That's what my good friend would tell me regularly. My friend was insightfully eclectic with his wine selections and seemed to strike gold more often than not, so his tag line about locating good wine makes sense in that light.
I remember calling a wine consultant at one of Atlanta's largest distributorships many years ago when I was searching for an obscure allocated wine. He didn't know me or the reason for my call but said the item was depleted from their warehouse but I may find some at outlying Big Star grocery stores. Being the first Atlanta grocery chain with a fine wine department, Big Star was ahead of its time back in the eighties. There was a real drop-off in sales, however, once you left the Atlanta perimeter. Those rural stores couldn't turn inventory that quickly so his suggestion made sense. What the gentleman didn't know at the time was that I was looking for the wine for a customer in my position as a wine sales person at one of those outlying Big Stars!
Good wine is where you find it.
I remember a cross country truck driver who patronized my store occasionally and he told me he would stop in small retail stores across the country in hopes of finding a deal on fine wine. He had "Champagne" tastes in red wine. He said he regularly would find bottles that were either priced wrong or were marked down because they didn't sell at mom and pop stores. He was a good shopper who took advantage of others' misfortune. Actually, I think his wine hobby was more like an obsession, come to think of it.
Close-out lists from distributors are a real crap shoot. I think one of the unsung heroes for all of us is the guy at the distributorship who decides to close something out. If that guy is on top of his game and dumps a wine at a fraction of the regular price with the wine still holding its own in quality, everyone benefits. But if that guy waits too long and the wine is too much in decline, well, it ain't pretty. I guess bad wine is where you find it too!
Restaurant wine lists in general are not where one is likely to find good wine. Most restaurants get their mass market California varietals handed to them on a platter from the large Atlanta liquor distributors. As a result, the real artisan wine producers, who actually make food-friendly wines, can't get their foot in the door in most restaurants. The idea that wines are supposed to complement meals doesn't seem to occur to most restaurateurs.

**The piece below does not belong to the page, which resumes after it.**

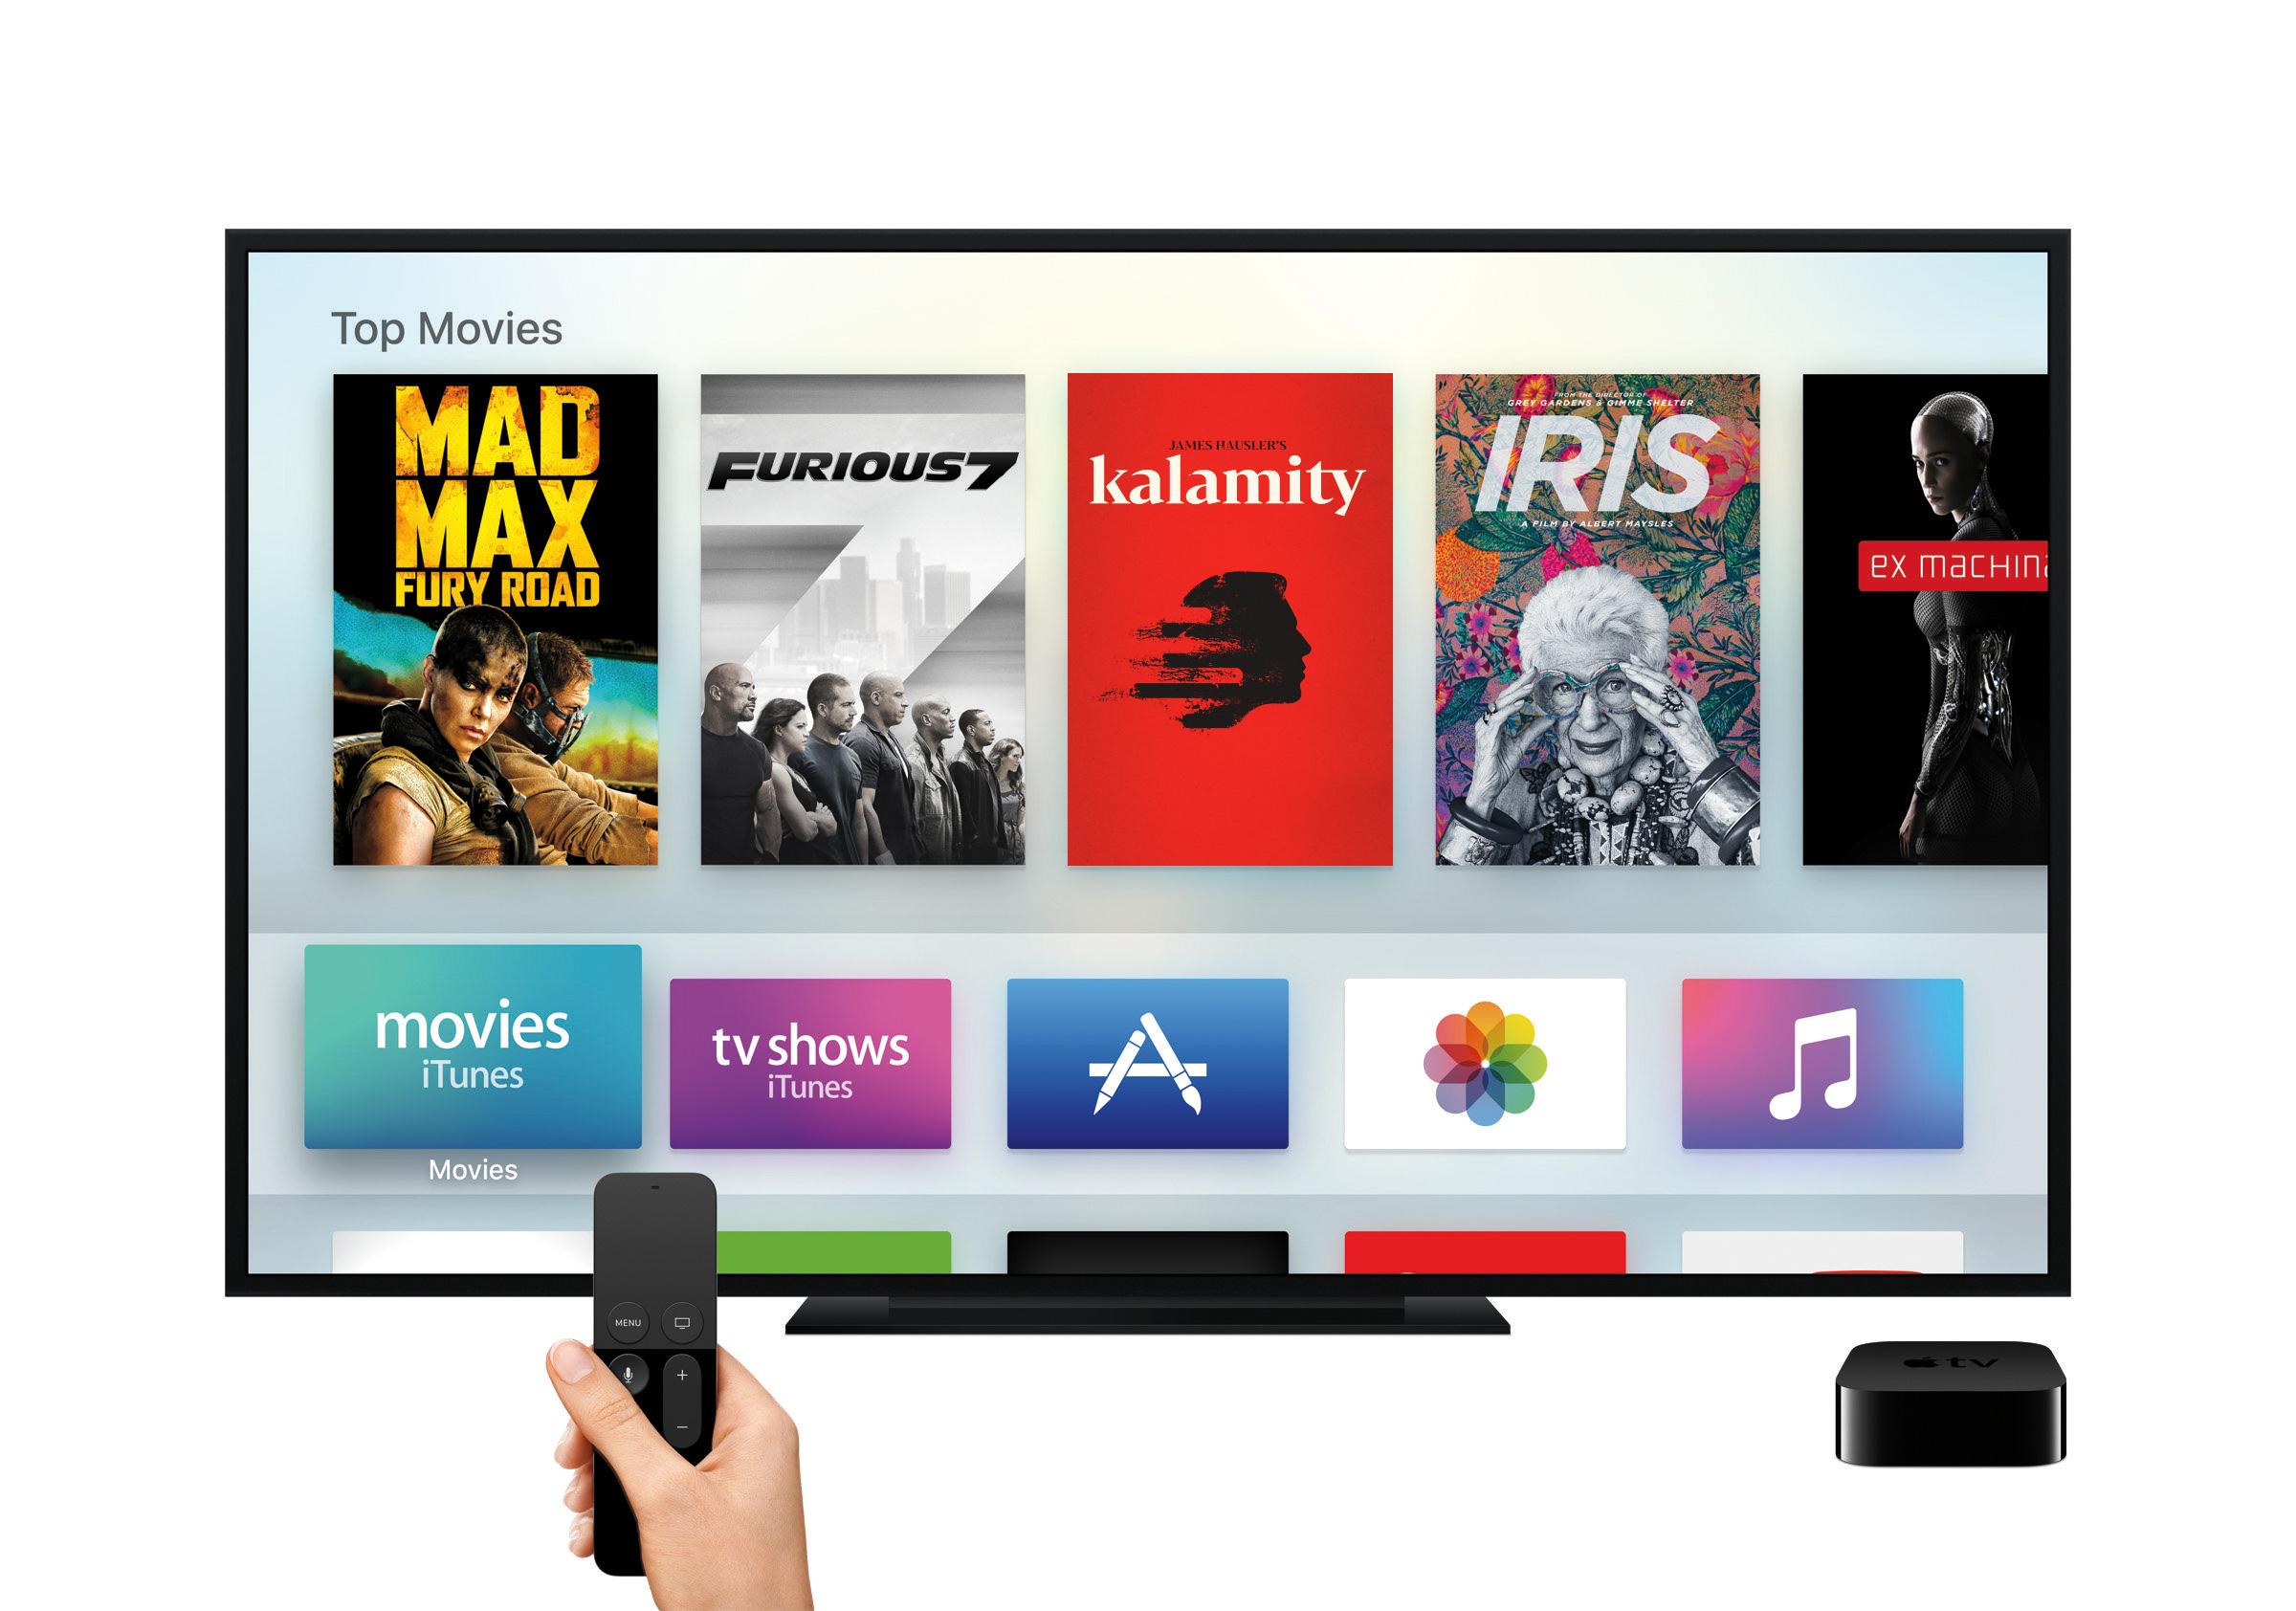 apple-tv selection screen01.jpg

Unfortunately that is the way things are in general in the wine business circa 2016. Distribution channels are clogged with "industrial" wines that all taste the same making it nearly impossible for artisans to get their product out to the marketplace. So you ought to shop at mom and pop stores like this one that offer real wine and if our artisan efforts don't sell they'll get marked down and you can clean up like the truck driver! Actually since chains don't buy closeouts, shop the mom and pops for those too!